Iran’s theocracy is slowly unraveling. They have not delivered a better life for most Iranians… perhaps even lowering the standard of living even further. Their international support of Hezbollah, the Yemeni Houthis, interference in Lebanon, support for the Syrian Assad regime, meddling in Gaza and general support for militant Islamists around the world is draining the national treasury.

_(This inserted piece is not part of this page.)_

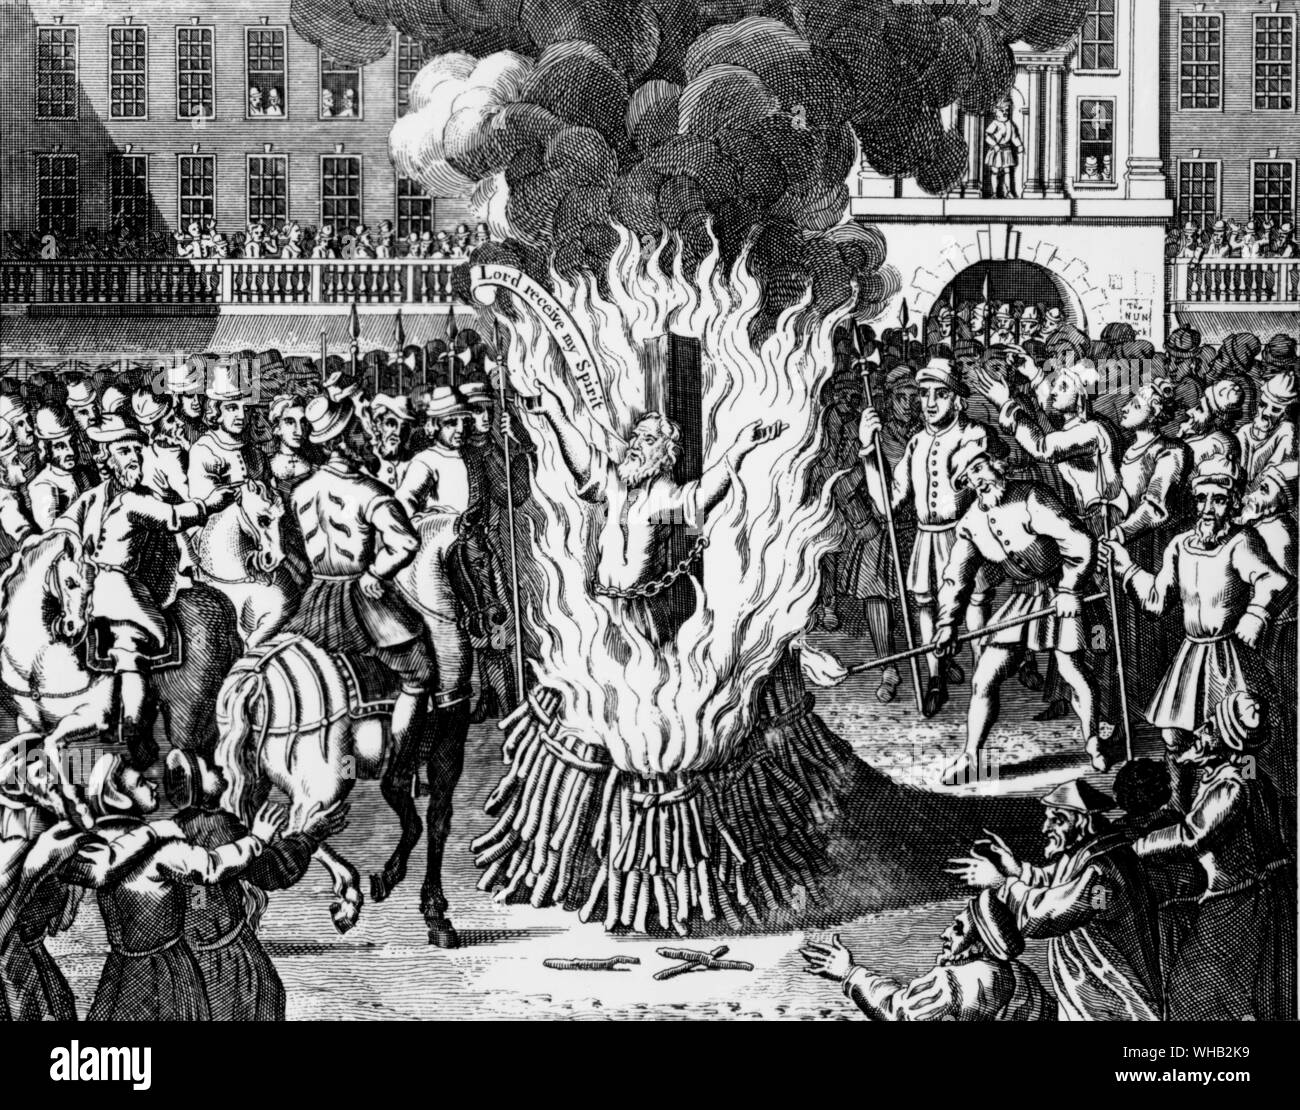 The burning of Master John Rogers - Vicar of St. Sepulchers & Reader of St. Paul's in London - 4th February 1555.. Foxe's Book of Martyrs, chapter 16.. Stock Photo

The impact of sanctions still stings, even as the nuclear accord released some of those economic restrictions. But the economic growth promised by Iran’s leaders, even following the elimination of some of those sanctions because of the treaty, just has not materialized. Dissention is growing fast. But a woefully under-informed Donald Trump could just give a failing Iranian government a whole new rallying point to justify the need for citizens to “sacrifice for the good of the state” and to crush any rebellion or protest to the contrary. Not to mention the power of operational nukes presented as a necessary goal to contain Western “aggression.” North Korea, which has aided Iran, is a good example of how the world responds to a nuclear power, and that lesson is not lost on the Ayatollahs. Donald might just become a willing pawn in sustaining and reinforcing Iran’s very unpopular government.
I’m Peter Dekom, and it is unfortunately that we have an under-informed president who so willingly can be played like a puppet by world leaders, from Bashir al Assad, Vladimir Putin, Kim Jong-un to now, the Ayatollah Khamenei.